It is well known that the surface groups of the adsorbent can interact with the organic adsorbate and affect the adsorption of the latter. That means the hydrophilic and hydrophobic groups on the surface of activated carbons may interact with hydroxyl groups and organic moieties of adsorbate, respectively. Similar interactions in the adsorption of alkylphenols and alkylanilines on alkyl-grafted mesoporous alumina and silica were reported by Inumaru et al. (2006). Hence, BPA could also have two types of adsorbate–adsorbent interactions with W20 and W20N in this present study. One is of hydrogen-bonding interaction between the hydroxyl groups of BPA and the hydrophilic groups (such as carboxyl groups and hydroxyl groups) of the tested activated carbons. The other is of π–π dispersion interactions between the benzene rings of BPA and the phenyl groups of W20 and W20N. Based on the lower acidic oxygen-containing groups (Table 3) and higher BPA adsorption capacity (Table 4) of W20N, the adsorption mechanism of BPA onto activated carbon could be mainly based on π–π dispersion interactions.
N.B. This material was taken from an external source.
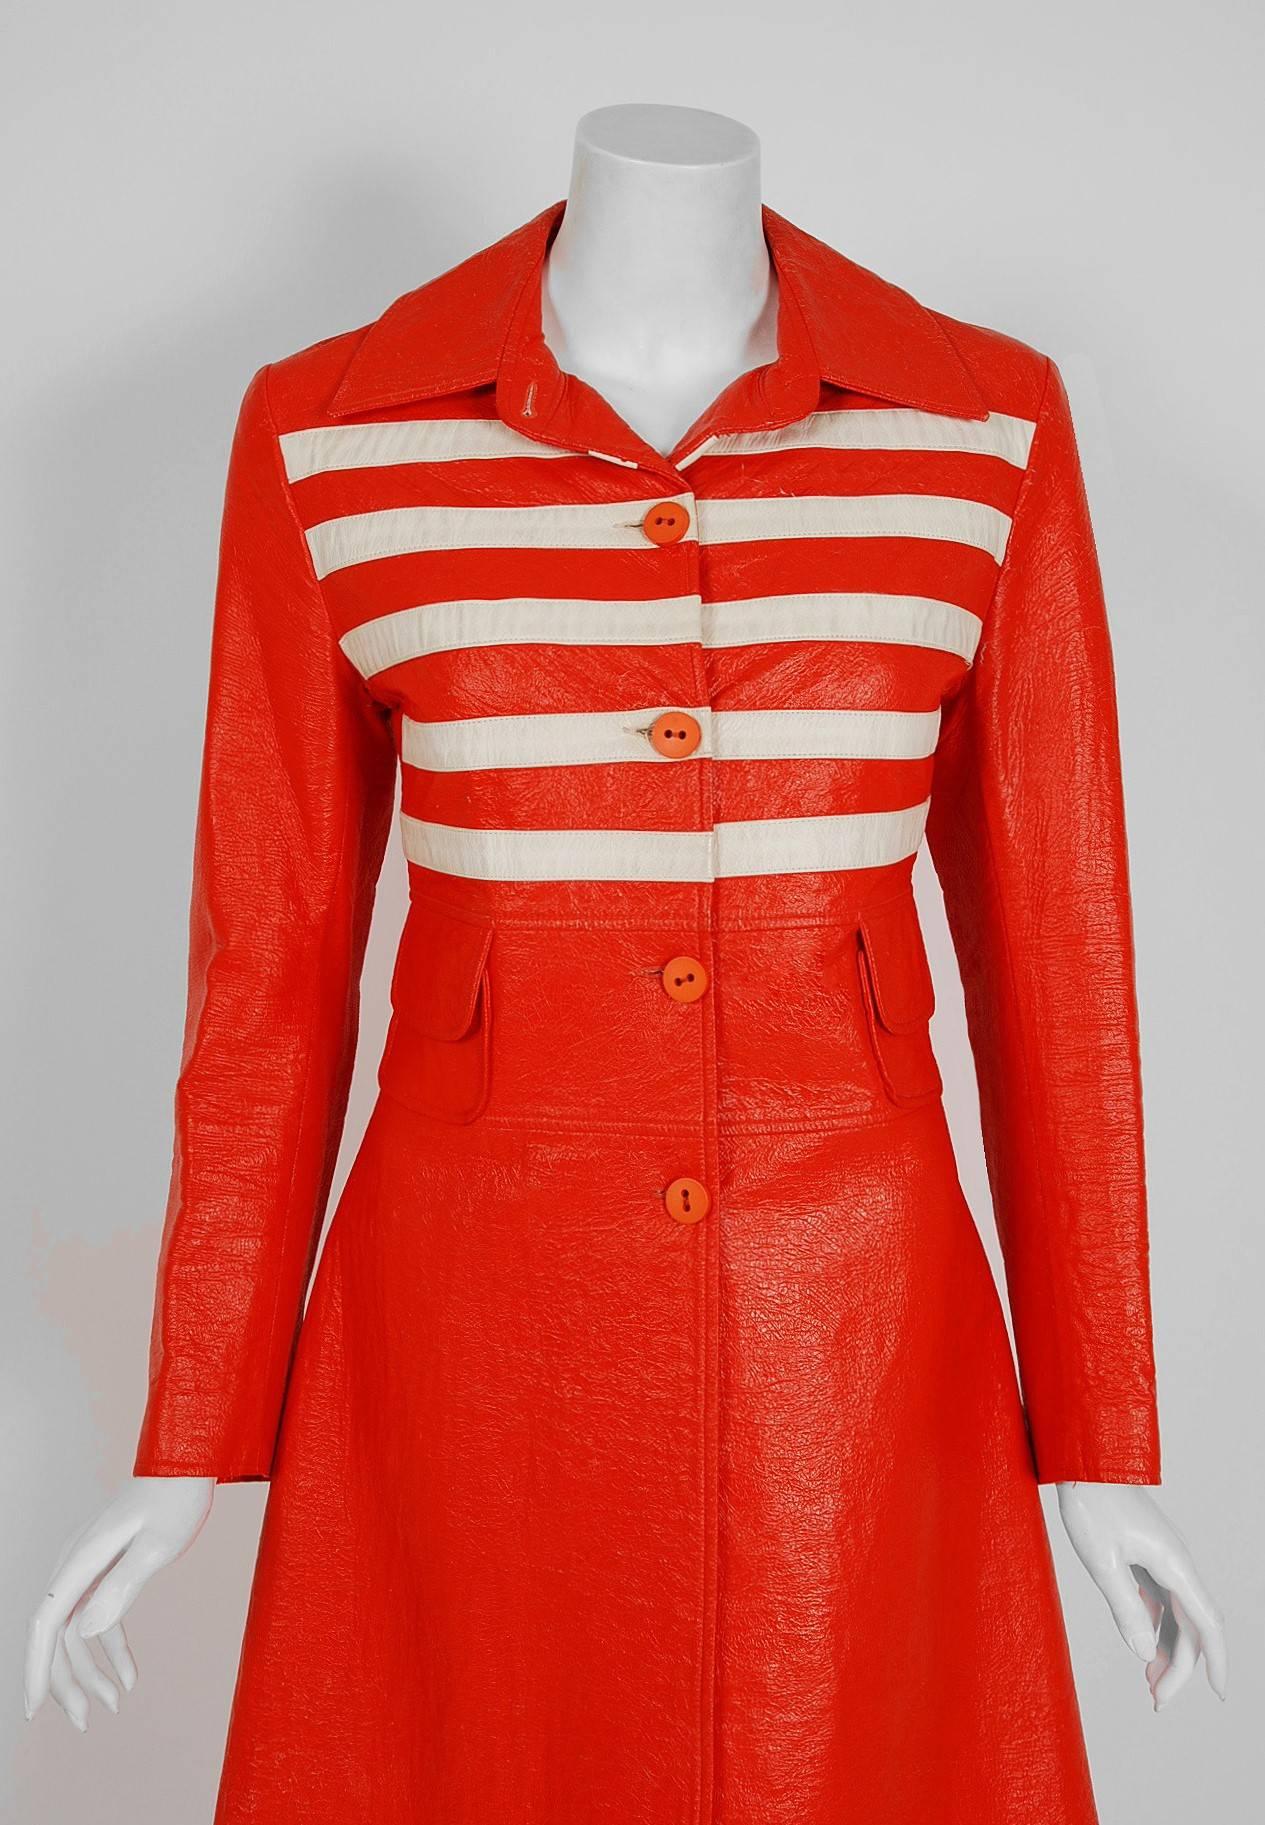 Breathtaking Louis Feraud orange & white striped vinyl trench coat from his 1968 collection. Feraud's career started when he opened his first French boutique in 1955. As luck would have it, Brigitte Bardot bought one of his dresses and the attention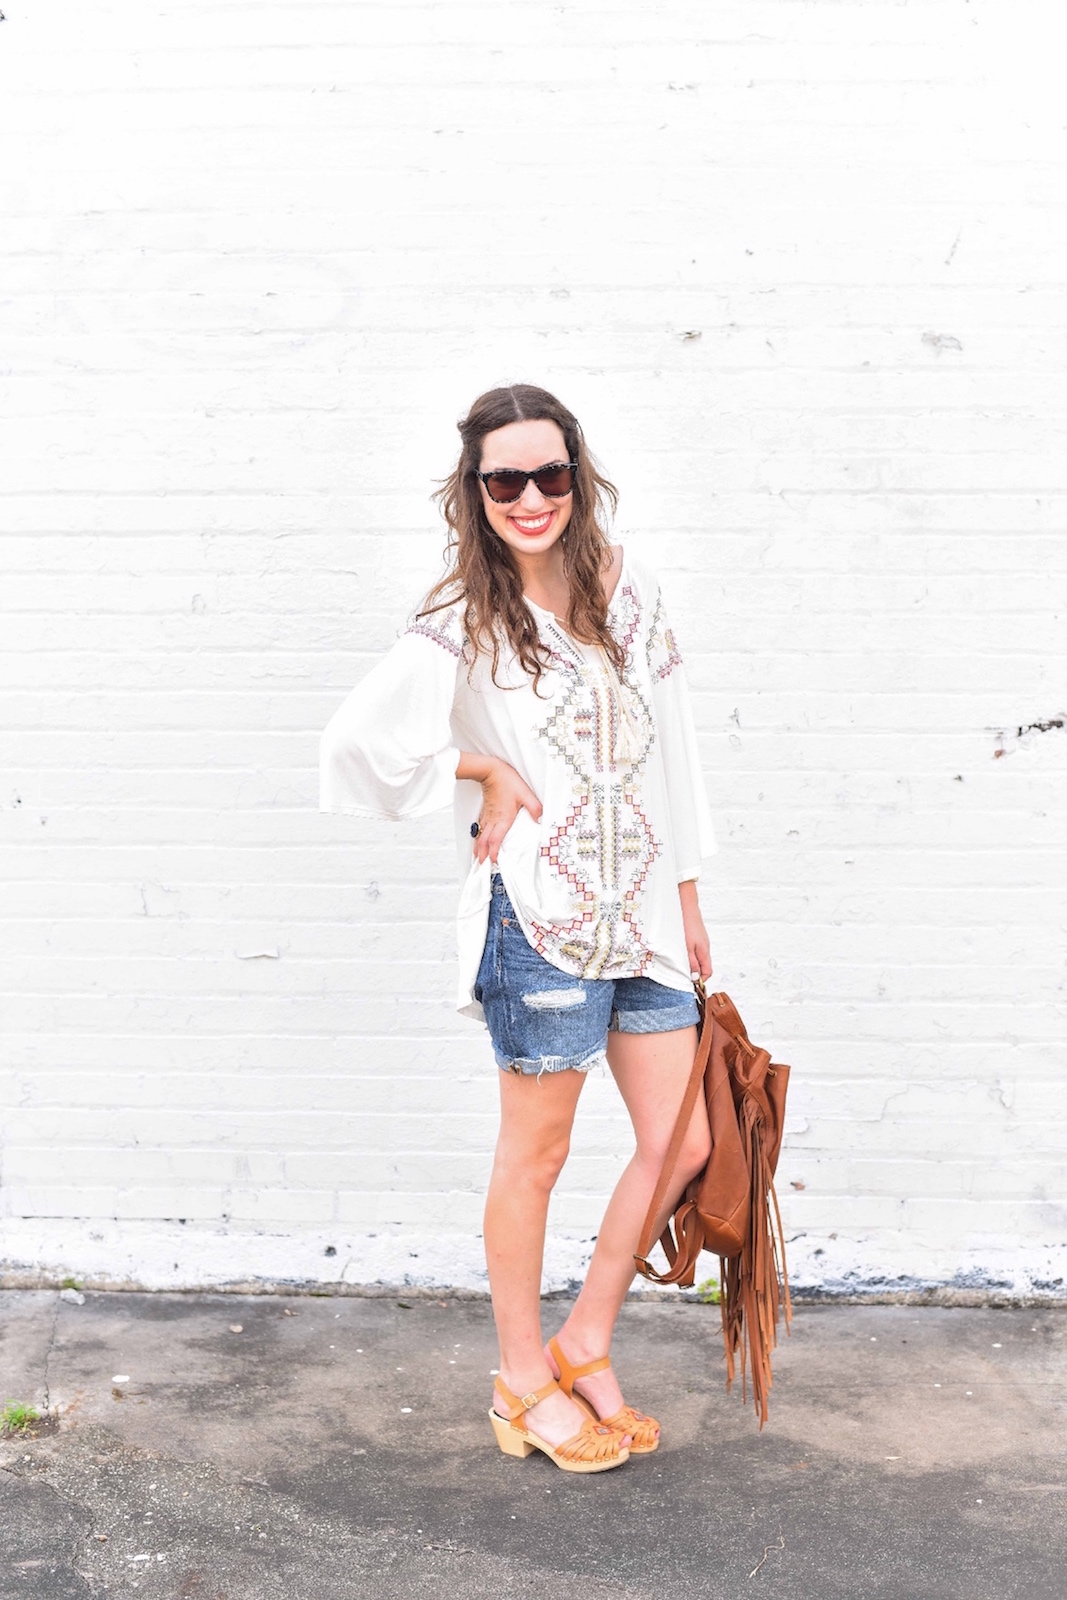 true religion fringe backpack, embroidered boho top, levis distressed shorts, lone star looking glass, houston fashion blogger, weekend outfit inspiration

The possible adsorption manner is shown in Figure 7.
Figure 7

Arrangement of π–π dispersion interaction between BPA and activated carbon.

Figure 7

Arrangement of π–π dispersion interaction between BPA and activated carbon.

The π–π dispersion interaction could also be elaborated by the thermodynamic parameters. The value of 25 kJ mol−1 of −ΔG was proposed as the evidence of π–π dispersion interaction that exists between π-acceptor and carbon sample by Zhu & Pignatello (2005). In this study, the values of −ΔG (Table 5) are close to 25 kJ mol-1, therefore, the adsorption of BPA onto W20 and W20N should be mainly due to the π–π dispersion interaction. BPA had two adsorption forms on the activated carbon surface, as depicted in Figure 7. The positive values of ΔS in Table 5 suggest that the increase in ΔS from the desorption of water molecules was larger than the decrease in ΔS from BPA adsorption. It can be speculated that more water molecules were released from activated carbon samples to meet the BPA adsorption. Thus, the BPA molecular adsorption probably followed the face-to-face π–π dispersion interaction, which needs more surface area (Figure 7). The parallel π–π dispersion interaction also occurred between PAHs and NOM because NOM has similar molecular structures to activated carbon (Zhu et al. 2004).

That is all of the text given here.